Writing a Cache-Friendly code
Hello! I’m Mohamed Ashraf, and today I’ll show you how to take care of cache memory when developing a program.
Introduction
What is cache memory
Cache memory is a chip-based computer component that makes retrieving data from the computer’s memory more efficient. It acts as a temporary storage area that the computer’s processor can retrieve data from easily. This temporary storage area, known as a cache, is more readily available to the processor than the computer’s main memory source, typically some form of dynamic random access memory (DRAM).
NOTE: A cache – pronounced CASH – is hardware or software that is used to store something, usually.
Cache memory is typically integrated directly into the CPU chip or placed on a separate chip that has a separate bus interconnect with the CPU. Therefore, it is more accessible to the processor, and able to increase efficiency, because it’s physically close to the processor.
What it sacrifices in size and price, it makes up for in speed. Cache memory operates between 10 to 100 times faster than RAM, requiring only a few nanoseconds to respond to a CPU request.
NOTE: Cache memory is made of High-Speed SRAM.
Types of cache memory
Cache memory is fast and expensive. Traditionally, it is categorized as “levels” that describe its closeness and accessibility to the microprocessor.

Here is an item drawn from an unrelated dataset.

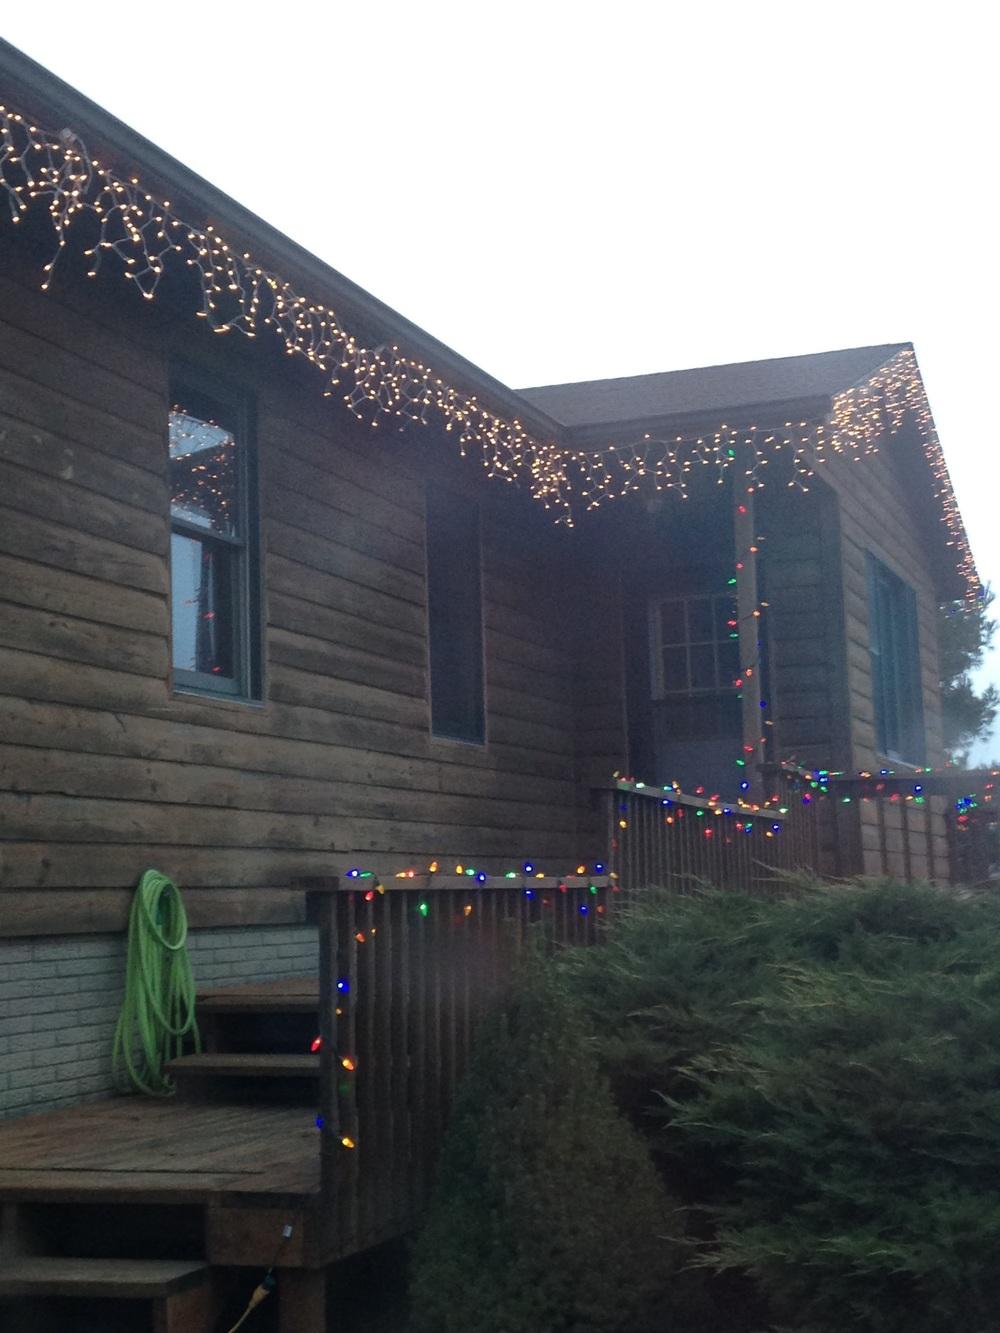 Christmas-Lights-On-House.jpg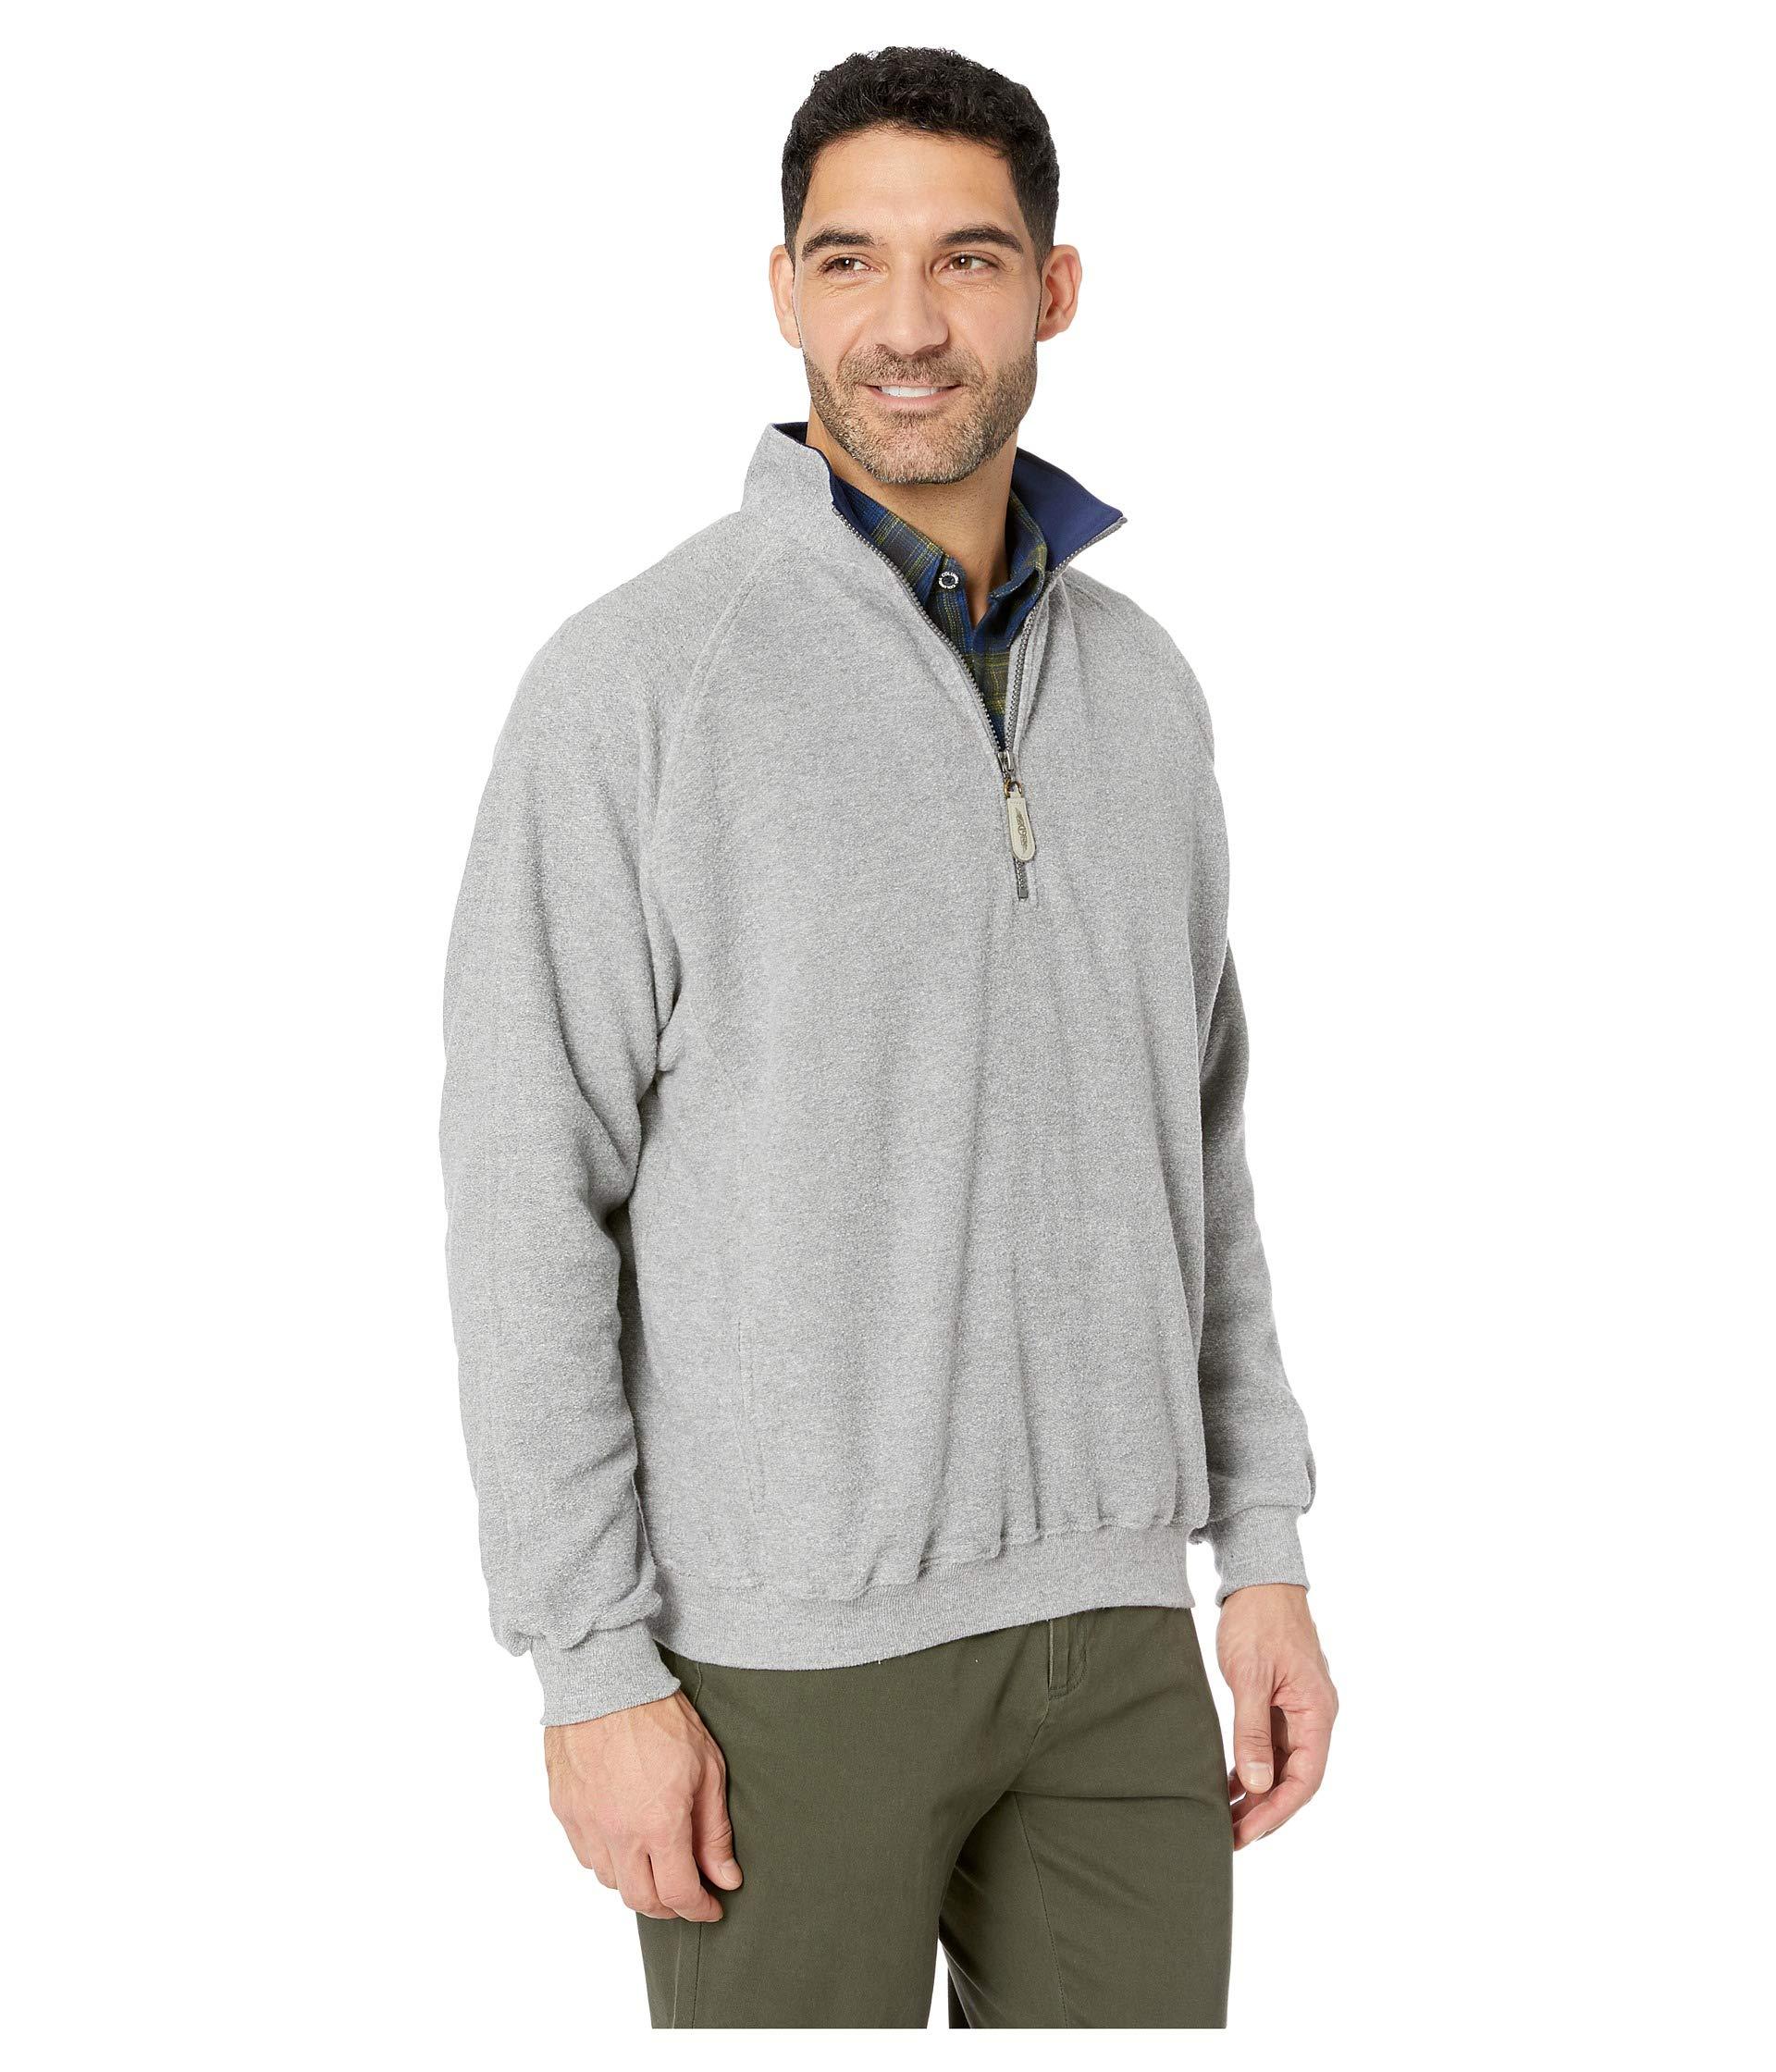 Down Zip navy Fairway Charcoal Fleece Straight Light Hw1qC1

There are three general cache levels: L1 cache, or primary cache, is extremely fast but relatively small, and is usually embedded in the processor chip as CPU cache.
L2 cache, or secondary cache, is often more capacious than L1. L2 cache may be embedded on the CPU, or it can be on a separate chip or coprocessor and have a high-speed alternative system bus connecting the cache and CPU. That way it doesn’t get slowed by traffic on the main system bus.
Level 3 (L3) cache is specialized memory developed to improve the performance of L1 and L2. L1 or L2 can be significantly faster than L3, though L3 is usually double the speed of DRAM. With multicore processors, each core can have dedicated L1 and L2 cache, but they can share an L3 cache. If an L3 cache references an instruction, it is usually elevated to a higher level of cache.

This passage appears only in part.